Every line from the one containing "Portazon Banner Komfort Parken" to the end of the data below should be copied exactly, but pictures should not.

===== DATA SECTION

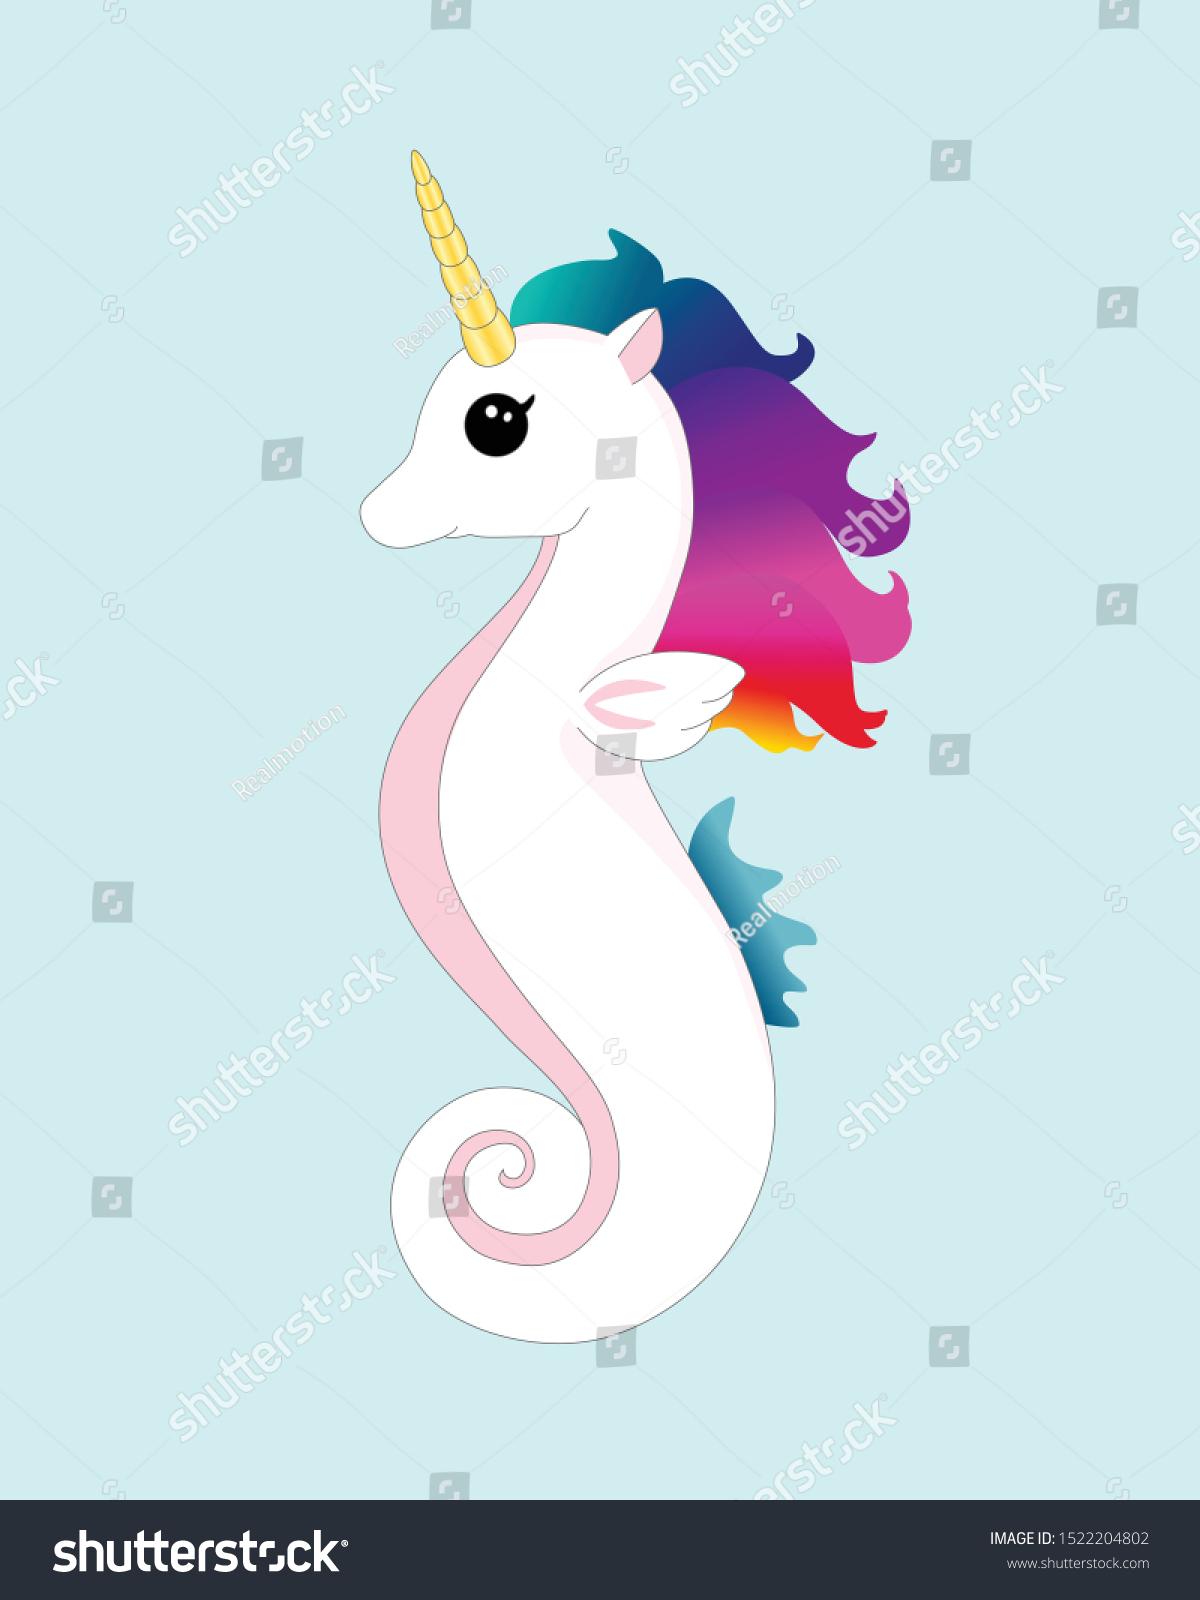 Rainbow unicorn mermaid
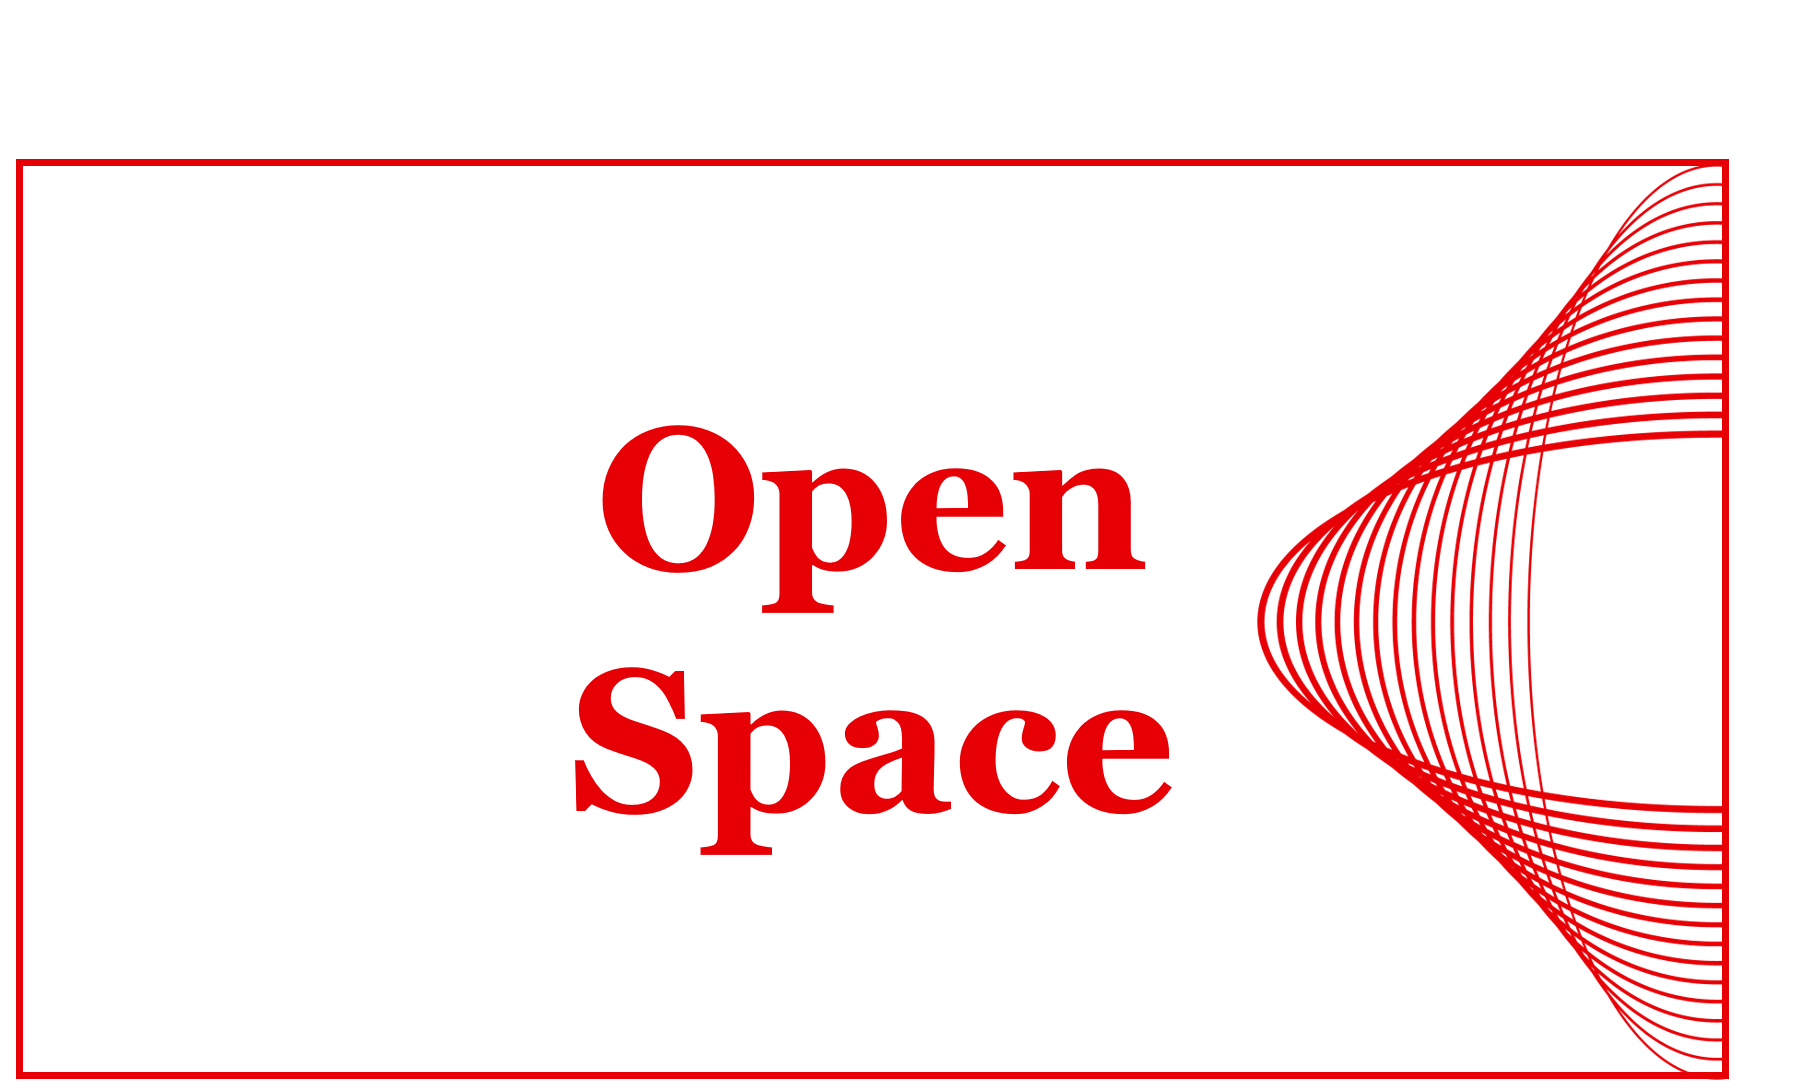 Klicken Sie auf das Bild, um eine Übersicht der Stände im Open Space zu erhalten.
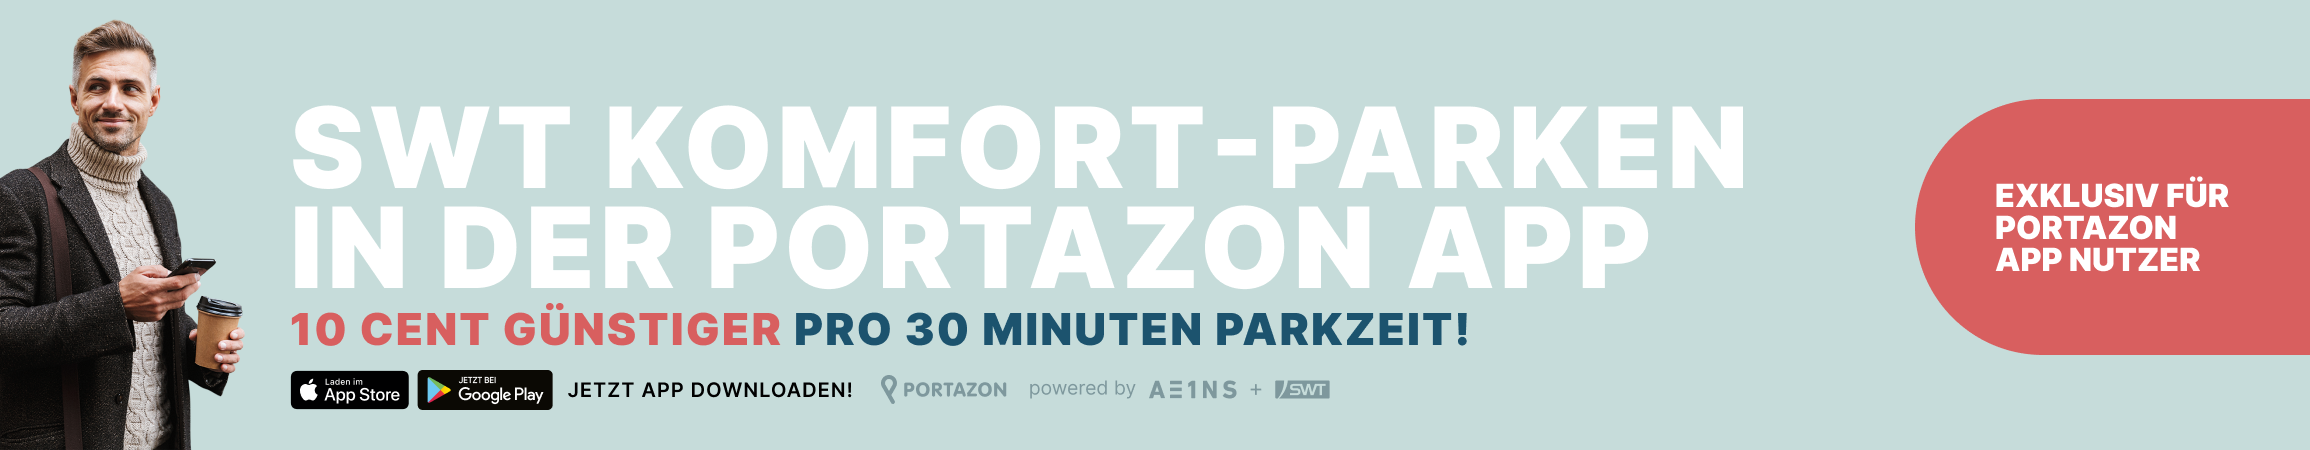 Portazon Banner Komfort Parken
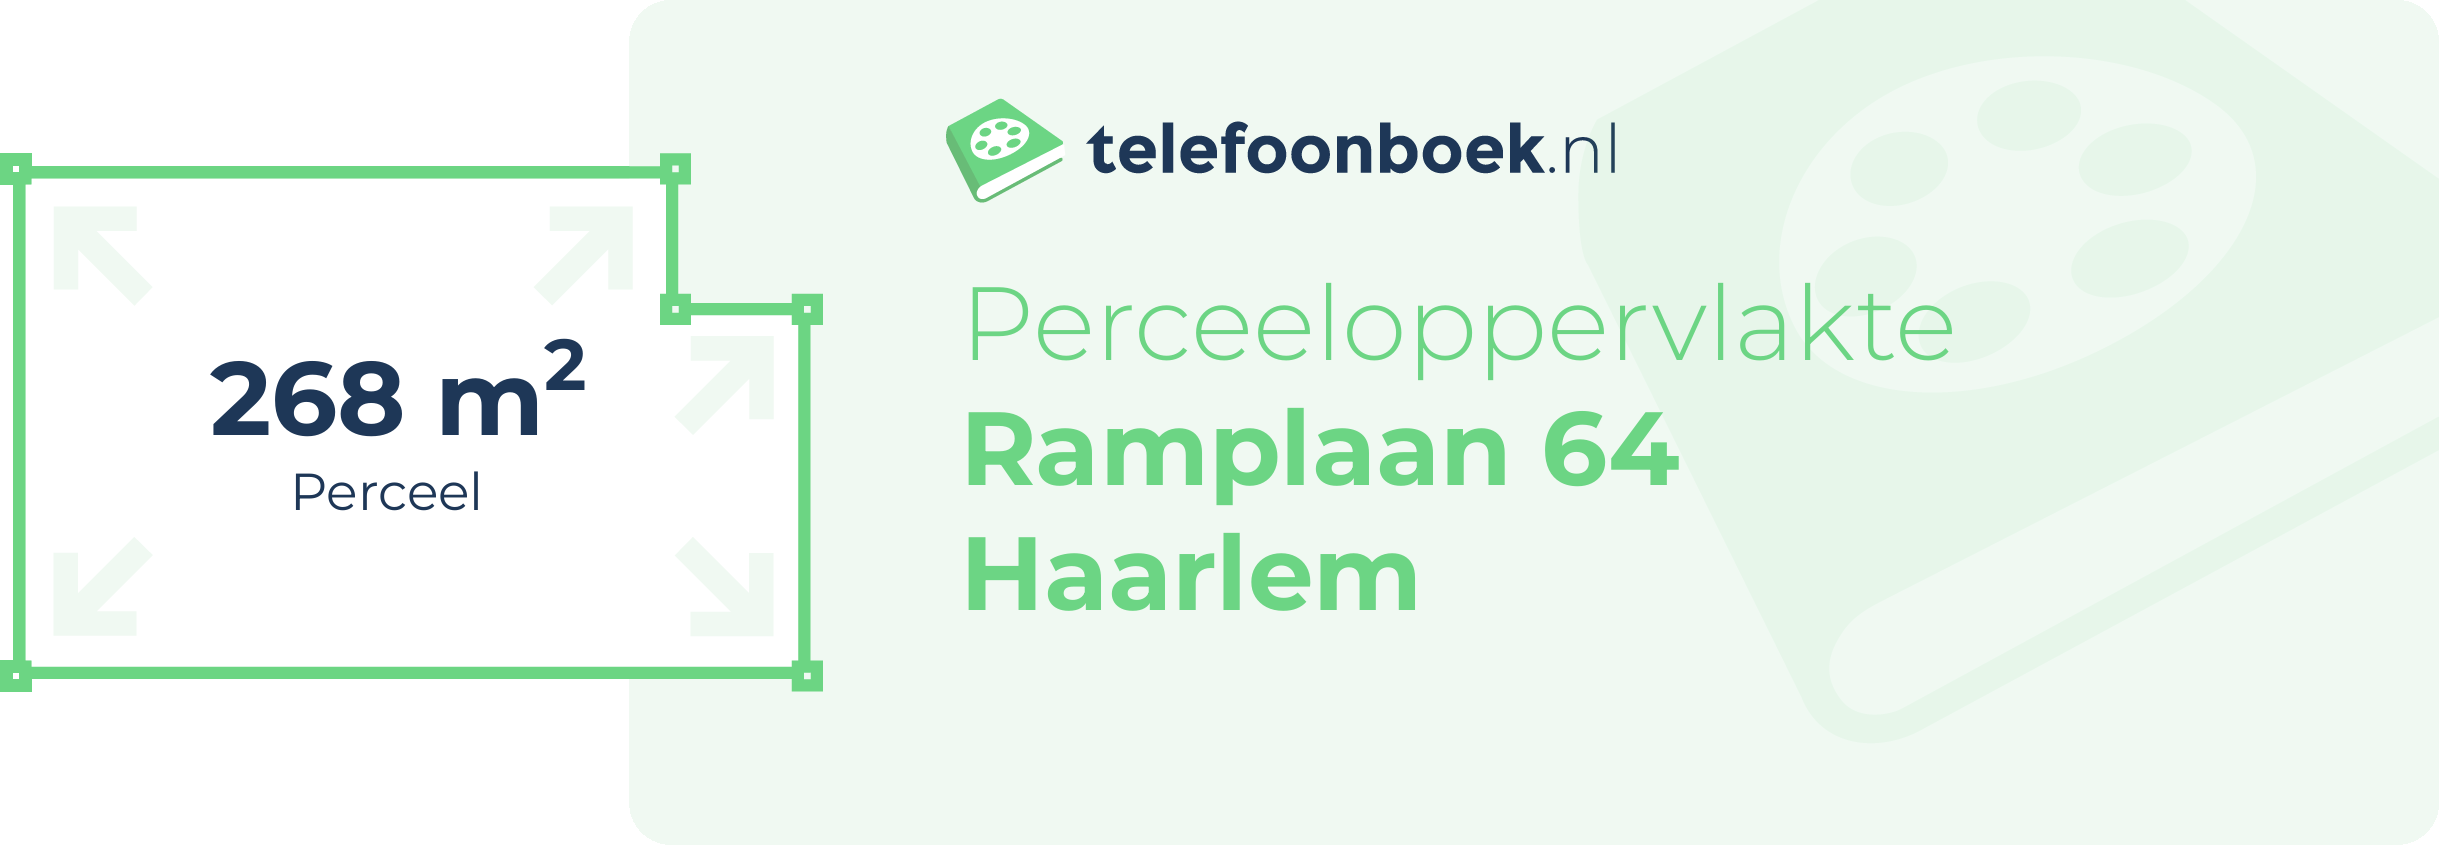 Perceeloppervlakte Ramplaan 64 Haarlem

==========

• **REPLY TO THE EXERCISE**
 Portazon Banner Komfort Parken
 Perceeloppervlakte Ramplaan 64 Haarlem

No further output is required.